As for Aubyn Dale, there he was, with Mrs Dillington-Blick who had set herself up with him hard-by the little bar. When she saw Alleyn she beckoned gaily to him. She was busy establishing a coterie. As Alleyn joined them Aubyn Dale laid a large beautifully tended hand over hers and burst into a peal of all-too-infectious laughter. ‘What a perfectly marvellous person you are!’ he cried boyishly and appealed to Alleyn. ‘Isn’t she wonderful?’

Alleyn agreed fervently and offered them liqueurs.

‘You take the words out of my mouth, dear boy,’ Dale exclaimed.

‘I oughtn’t to!’ Mrs Dillington-Blick protested. ‘I’m on an inquisitorial diet!’ She awarded her opulence a downward glance and Alleyn an upward one. She raised her eyebrows. ‘My dear!’ she cried. ‘You can see for yourself. I oughtn’t.’

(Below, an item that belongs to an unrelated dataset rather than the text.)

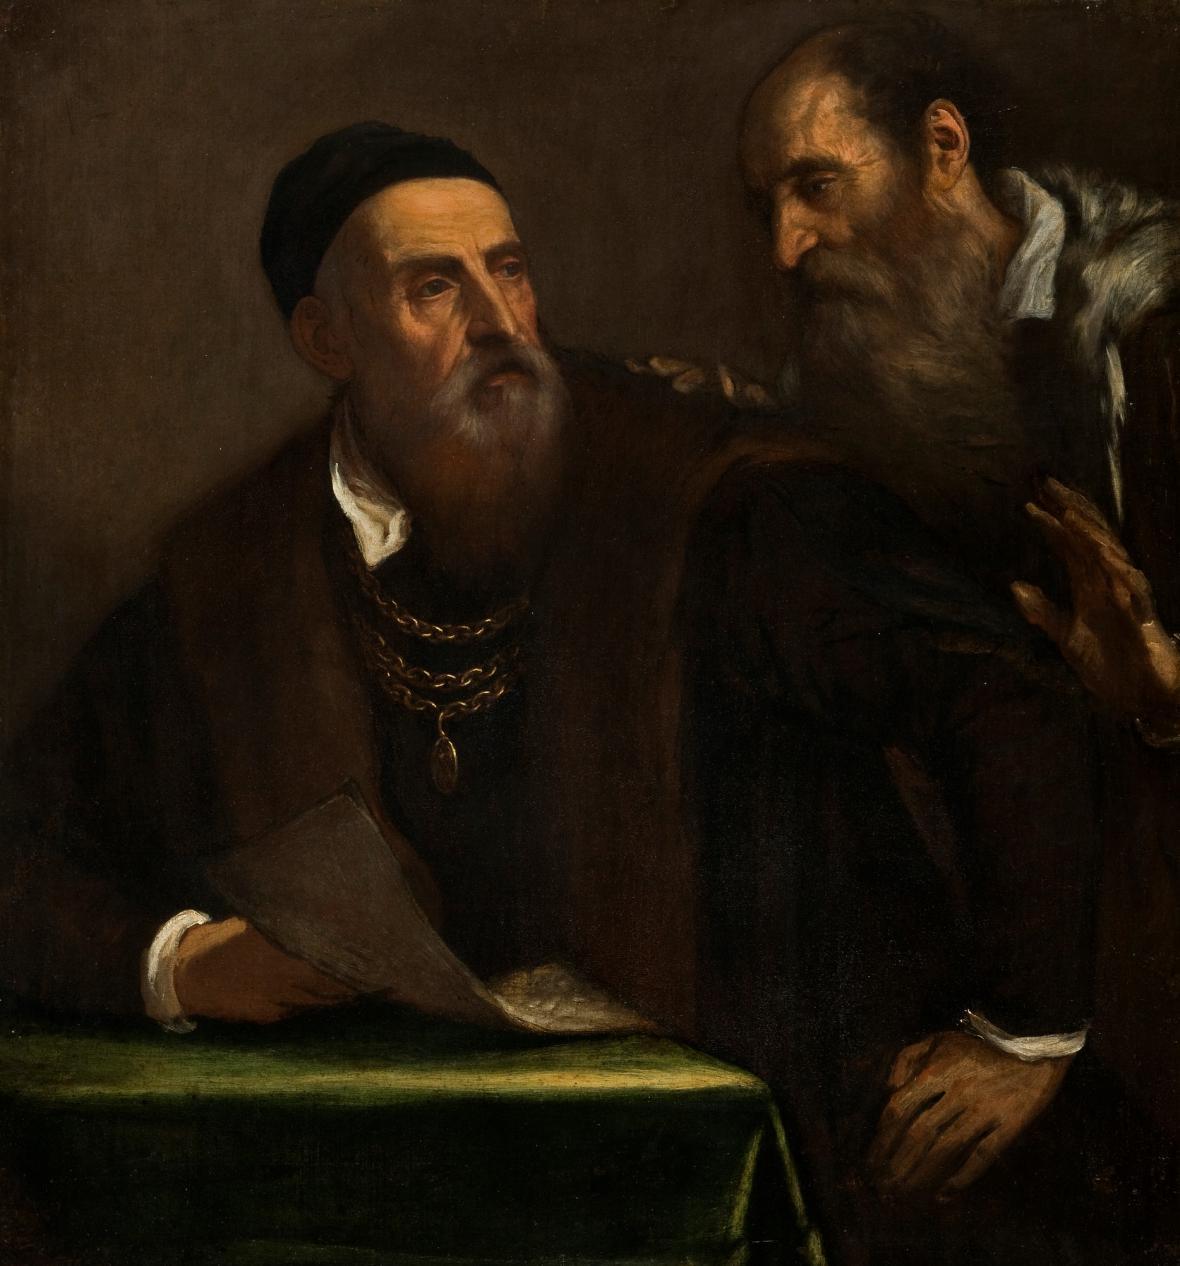 Autoportrét Tiziana s Francescem Zuccato

‘But you’re going to,’ he rejoined and the drinks were served by the ubiquitous Dennis who had appeared behind the bar. Mrs Dillington-Blick, with a meaning look at Dale, said that if she put on another ounce she would never get into her Jolyon swimsuit and they began to talk about his famous session on commercial television. It appeared that when he visited America and did a specially sponsored half-hour, he had been supported by a great mass of superb models all wearing Jolyon swimsuits. His hands eloquently sketched their curves. He leant towards Mrs Dillington-Blick and whispered. Alleyn noticed the slight puffiness under his eyes and the blurring weight of flesh beneath the inconsiderable jaw which formerly his beard had hidden. ‘Is this the face,’ Alleyn asked himself, ‘that launched a thousand hips?’ and wondered why.